Conditions for the existence and uniqueness of a solution of the Cauchy problem $$u^{\text{'}}\left(t\right)=p\left(t\right)u\left(\tau \left(t\right)\right)+q\left(t\right),u\left(a\right)=c,$$ established in [2], are formulated more precisely and refined for the special case, where the function $\tau$ maps the interval $]a,b[$ into some subinterval $[{\tau }_0,{\tau }_1]\subseteq [a,b]$, which can be degenerated to a point.

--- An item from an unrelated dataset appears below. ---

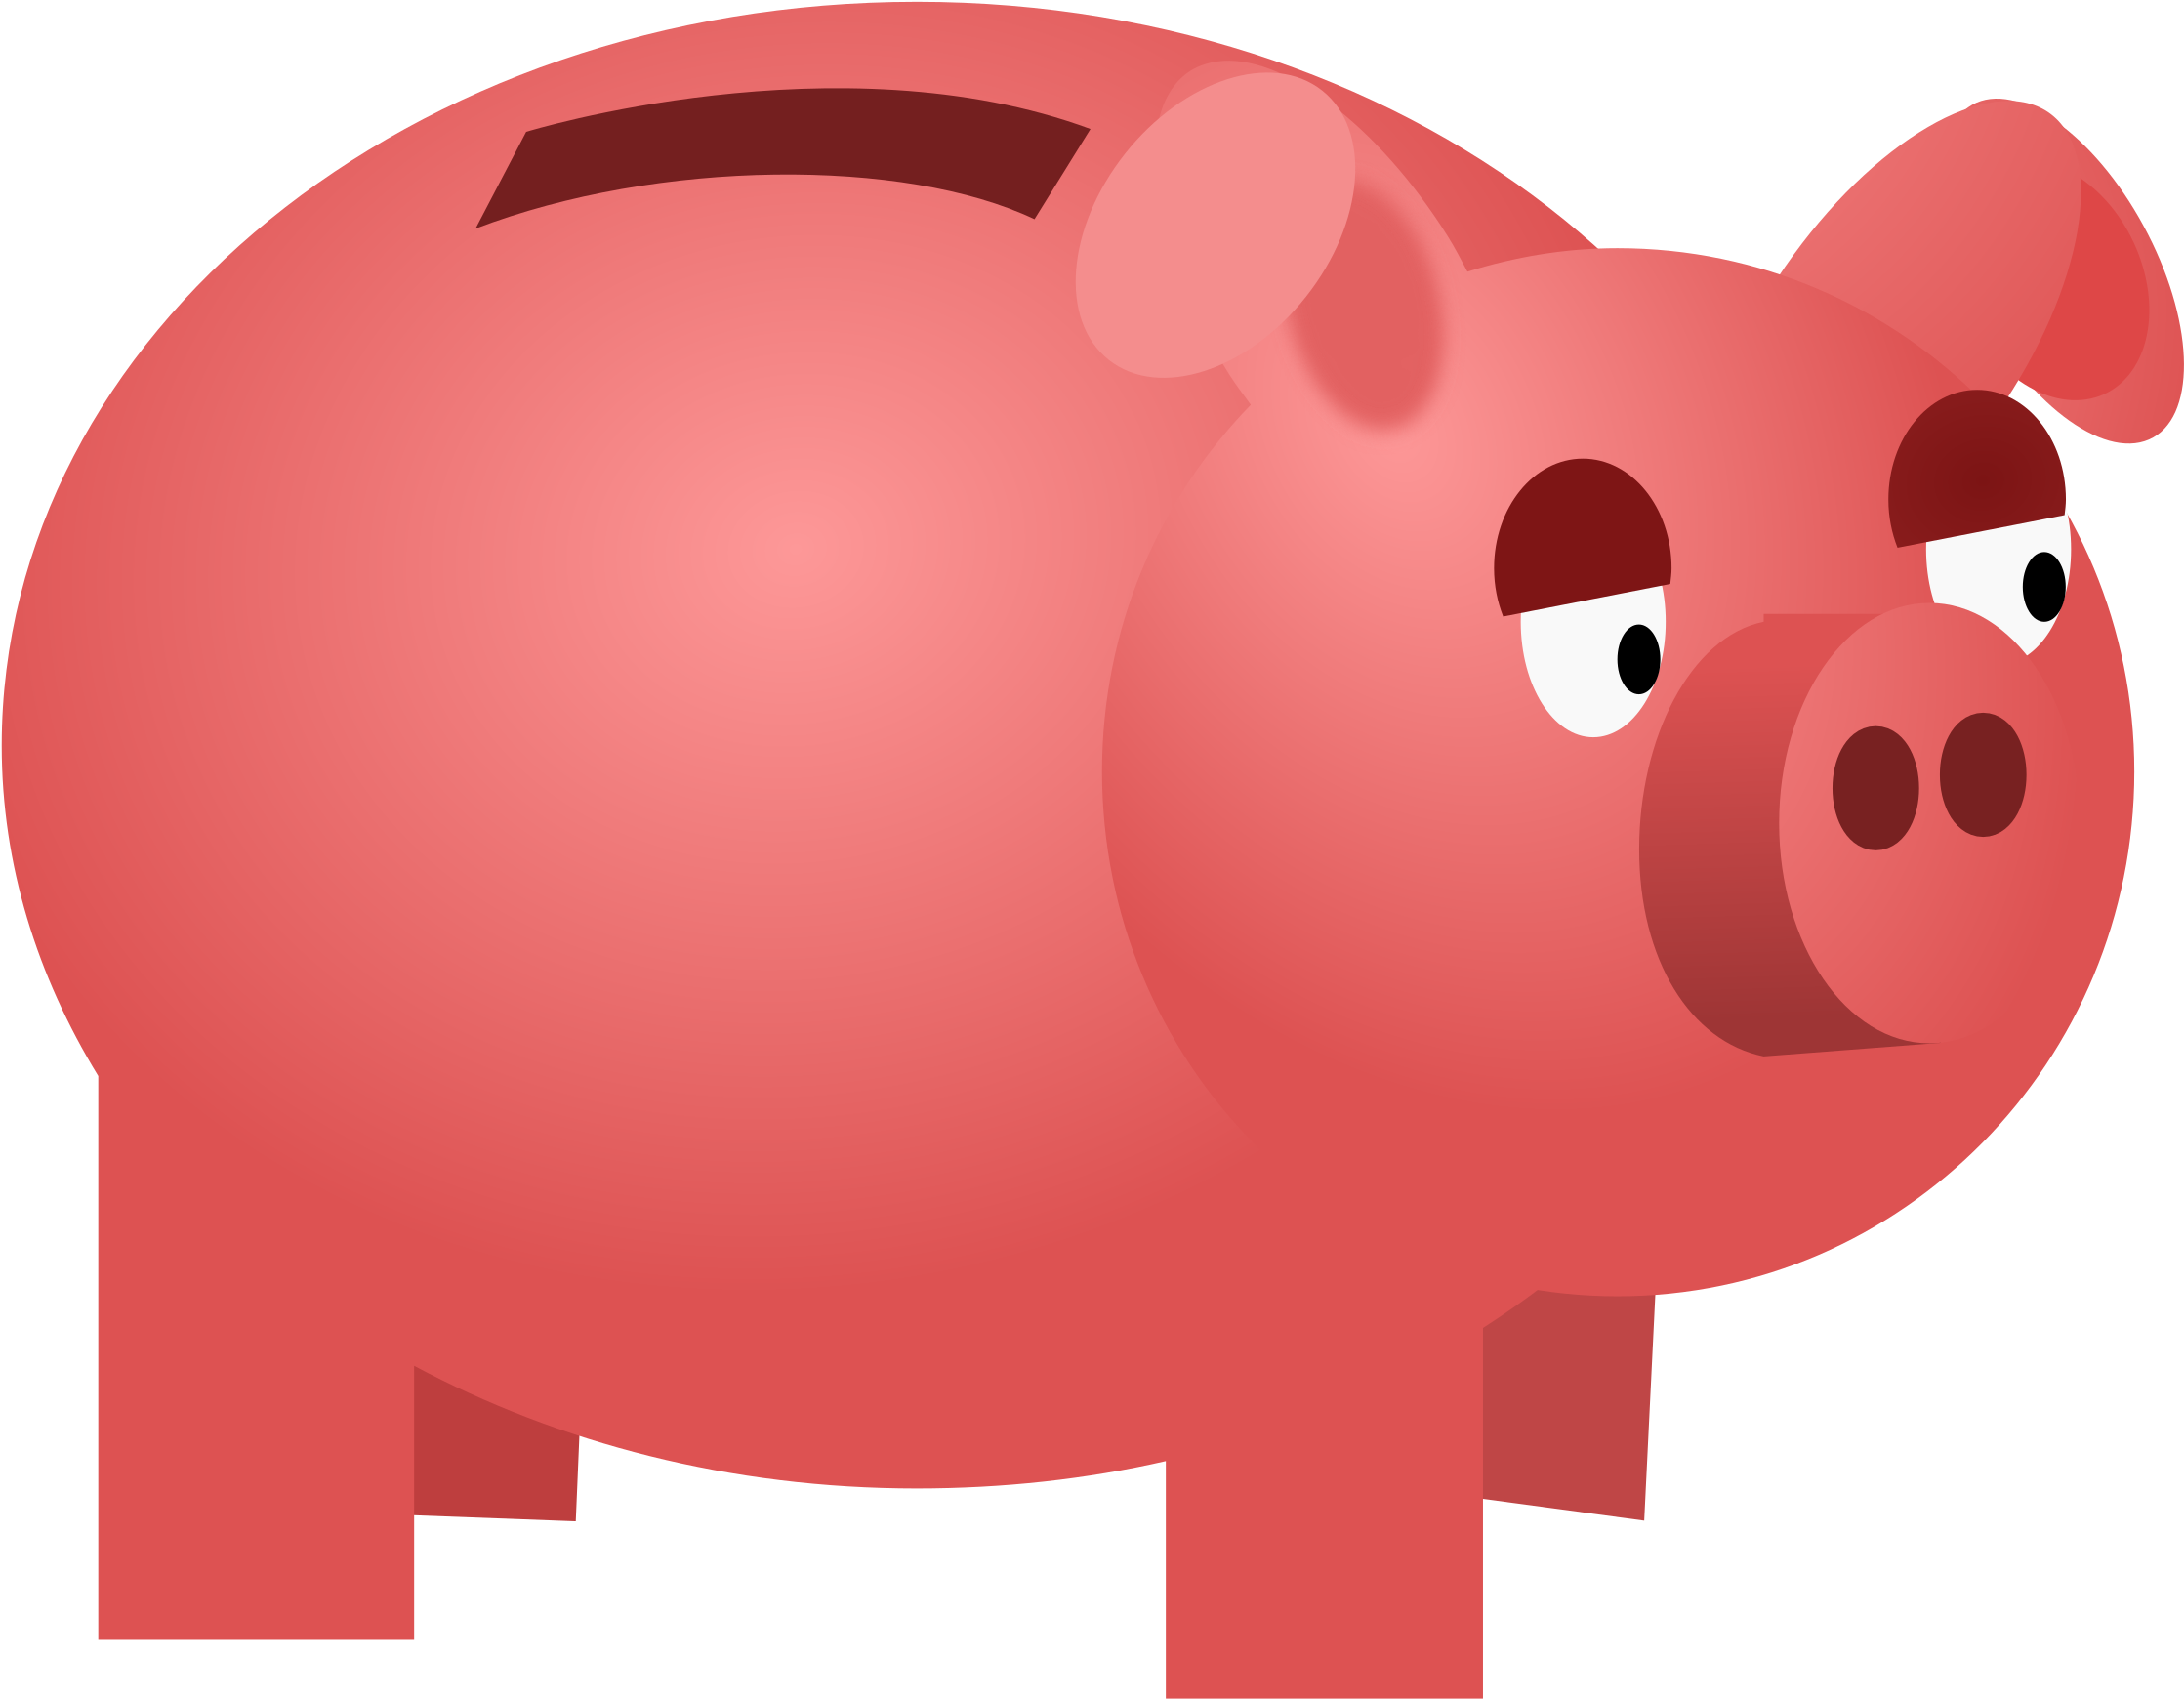 Download Png Image Report - Piggy Bank Clipart Free (2400x2400)

The asymptotic properties of solutions of the equation $u^{\text{'}\text{'}\text{'}}\left(t\right)=p_1\left(t\right)u\left({\tau }_1\left(t\right)\right)+p_2\left(t\right)u^{\text{'}}\left({\tau }_2\left(t\right)\right)$, are investigated where $p_i:[a,+\infty [\to R(i=1,2)$ are locally summable functions, ${\tau }_i:[a,+\infty [\to R(i=1,2)$ measurable ones and ${\tau }_i\left(t\right)\ge t(i=1,2)$. In particular, it is proved that if $p_1\left(t\right)\le 0$, $p_2^2\left(t\right)\le \alpha \left(t\right)\left|p_1\left(t\right)\right|$, $${\int }_a^{+\infty }{[{\tau }_1\left(t\right)-t]}^2{p}_1\left(t\right)dt<+\infty \text{and}{\int }_a^{+\infty }\alpha \left(t\right)dt<+\infty ,$$ then each solution with the first derivative vanishing at infinity is of the Kneser type and a set of all such solutions forms a one-dimensional linear space.